The Cryosphere (Nov 2024)
Unravelling the sources of uncertainty in glacier runoff projections in the Patagonian Andes (40–56° S)
Abstract
Glaciers are retreating globally and are projected to continue to lose mass in the coming decades, directly affecting downstream ecosystems through changes in glacier runoff. Estimating the future evolution of glacier runoff involves several sources of data uncertainty, which to date have not been comprehensively assessed on a regional scale. In this study, we used the Open Global Glacier Model (OGGM) to estimate the evolution of each glacier (with area > 1 km2) in the Patagonian Andes (40–56° S). As sources of uncertainty, we used different glacier inventories (n = 2), ice thickness datasets (n = 2), historical climate datasets (n = 4), general circulation models (GCMs; n = 10), emission scenarios (Shared Socioeconomic Pathways, SSPs; n = 4) and bias correction methods (BCMs; n = 3) to generate 1920 possible scenarios over the period of 1980–2099. In each scenario, glacier runoff and melt time series were characterised by 10 glacio-hydrological signatures (i.e. metrics). We used the permutation feature importance of random forest regression models to assess the relative importance of each source of uncertainty on the signatures of each catchment. Considering all scenarios, 34 % ± 13 % (mean ± 1 standard deviation) of the glacier area has already peaked in terms of glacier melt (the year 2020), and 68 % ± 21 % of the glacier area will lose more than 50 % of its volume this century. Considering the glacier melt signatures, the future sources of uncertainty (GCMs, SSPs and BCMs) were the main source in only 17 % ± 21 % of the total glacier area.
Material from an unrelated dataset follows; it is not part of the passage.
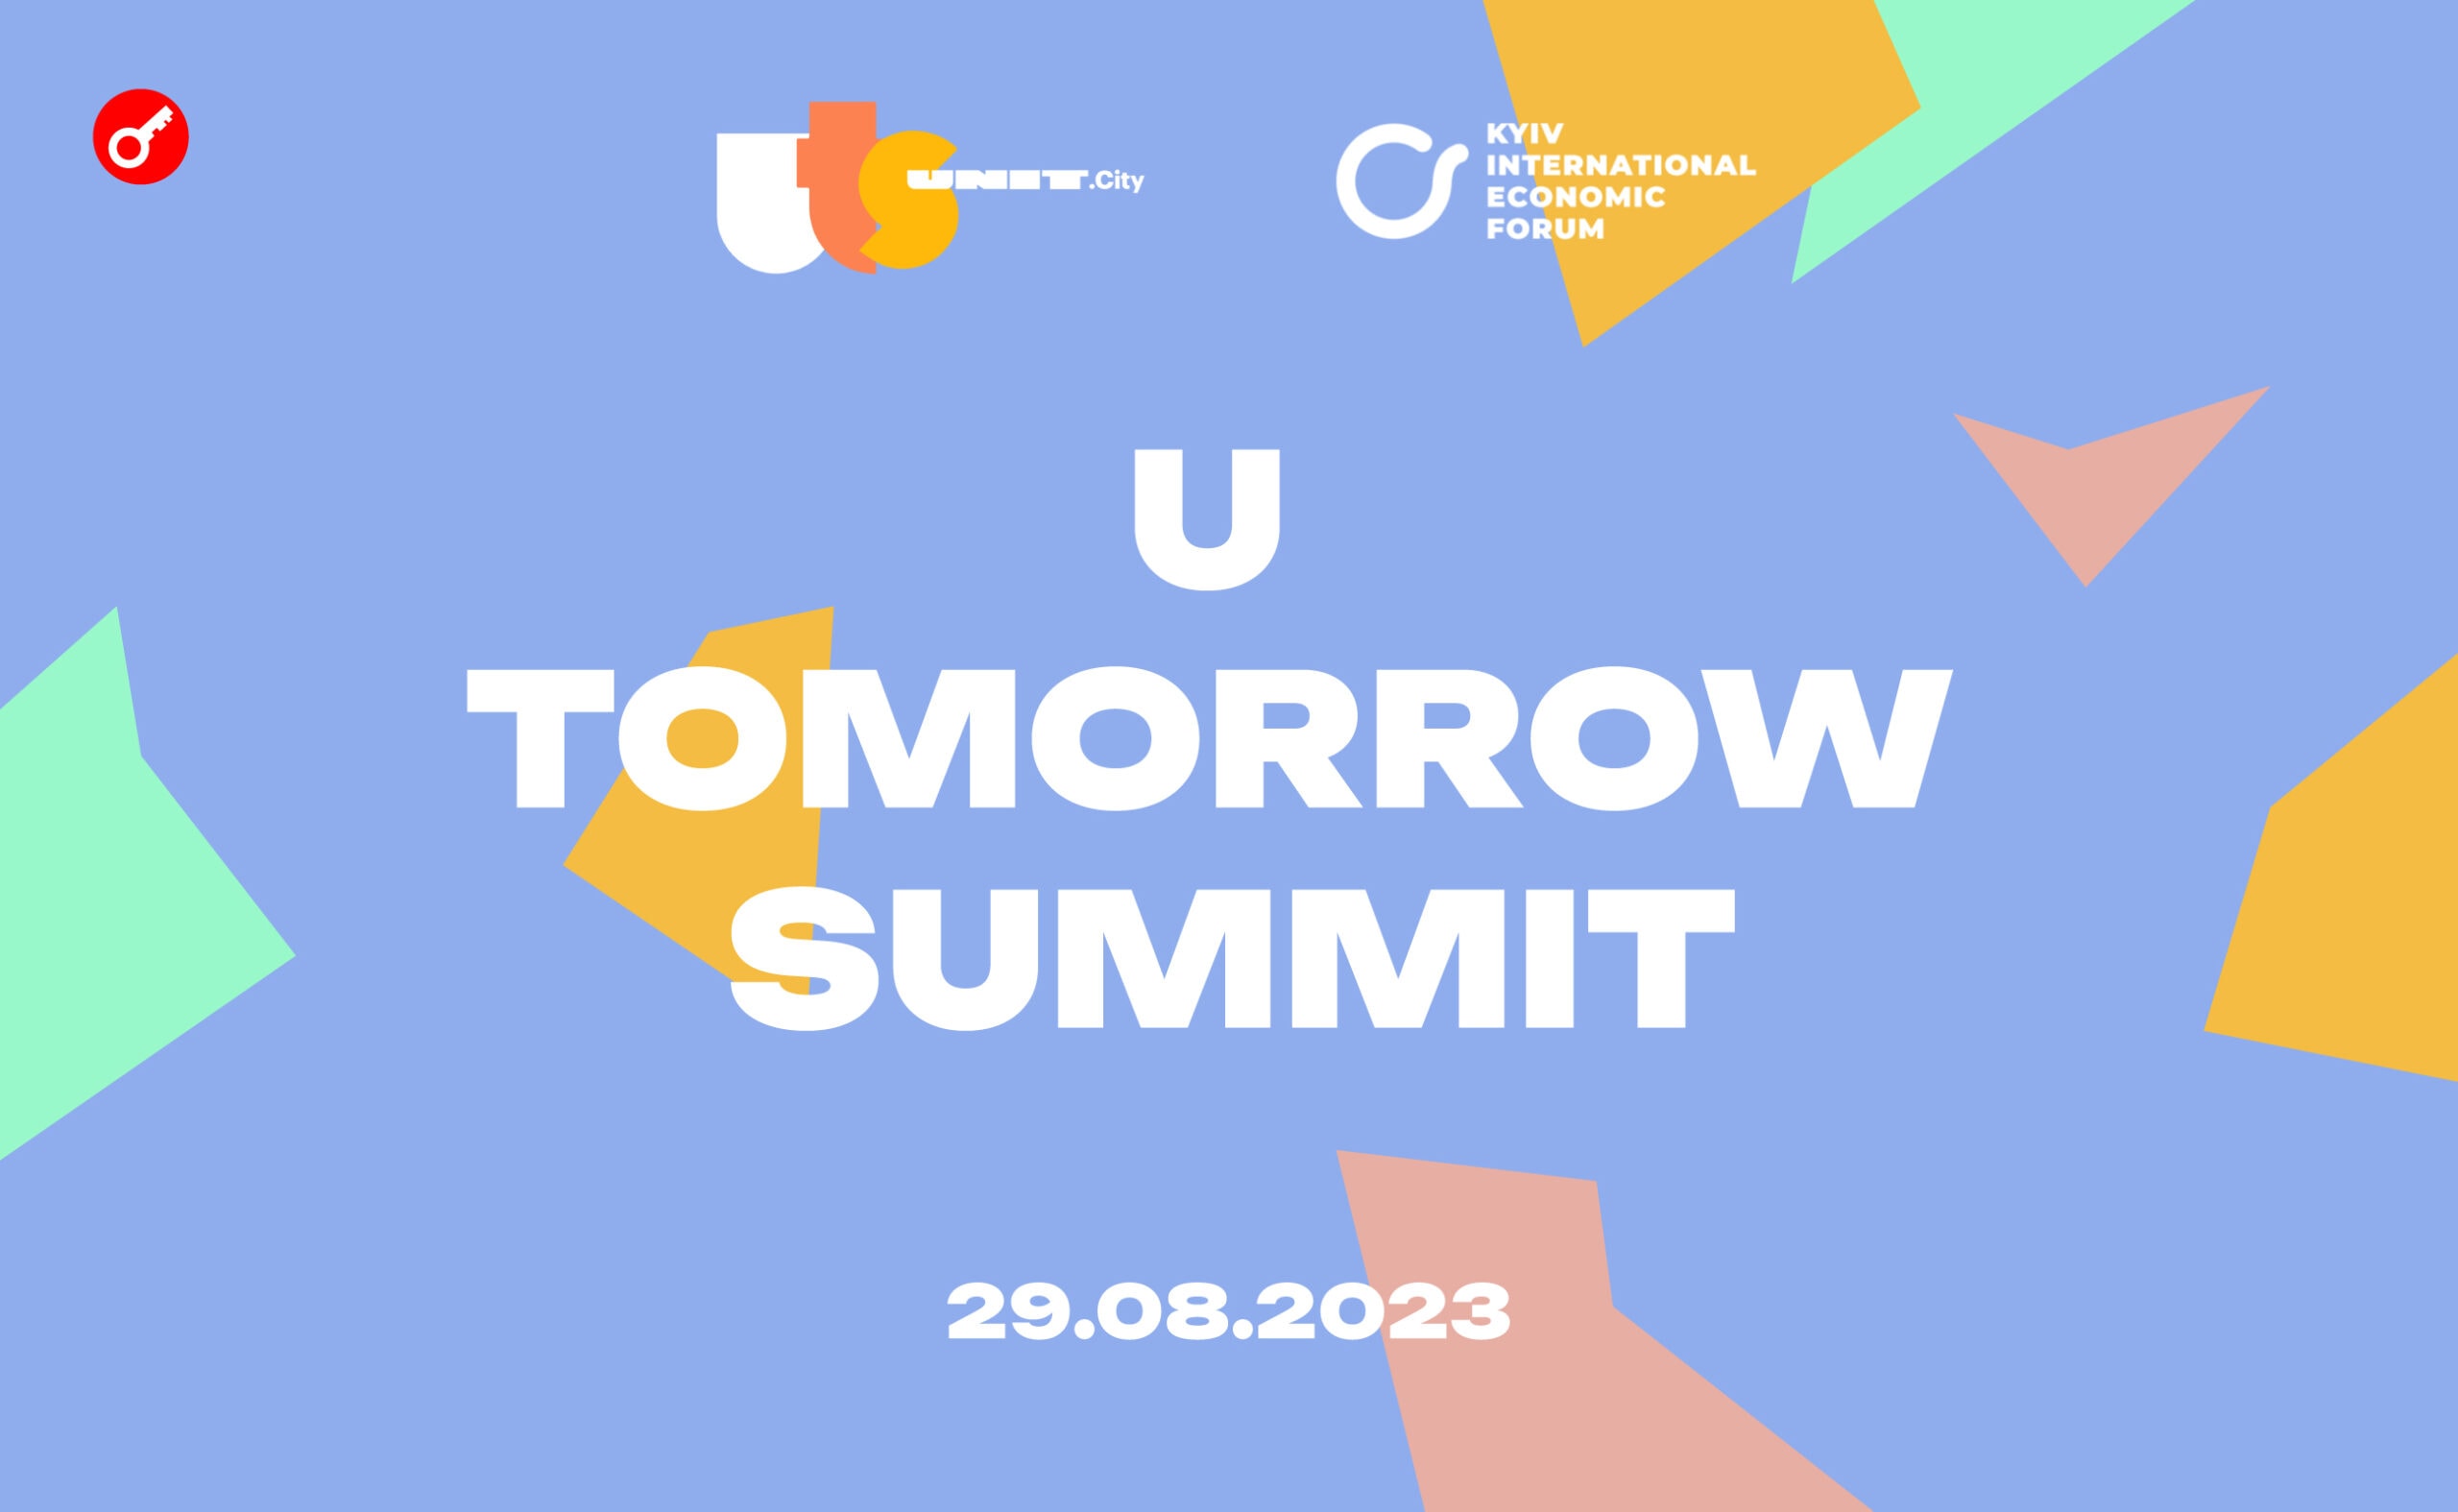 U Tomorrow Summit в Киеве объединит более 1000 предпринимателей, инвесторов и лидеров мнений. Заглавный коллаж новости.

In contrast, the reference climate was the main source in 69 % ± 22 % of the glacier area, highlighting the impact of calibration choices on baseline conditions, model parameters and the initial starting geometry for future projections. The results provide a basis for prioritising future efforts (e.g. the improvement of reference climate characterisation) to reduce glacio-hydrological modelling gaps in poorly instrumented regions such as the Patagonian Andes.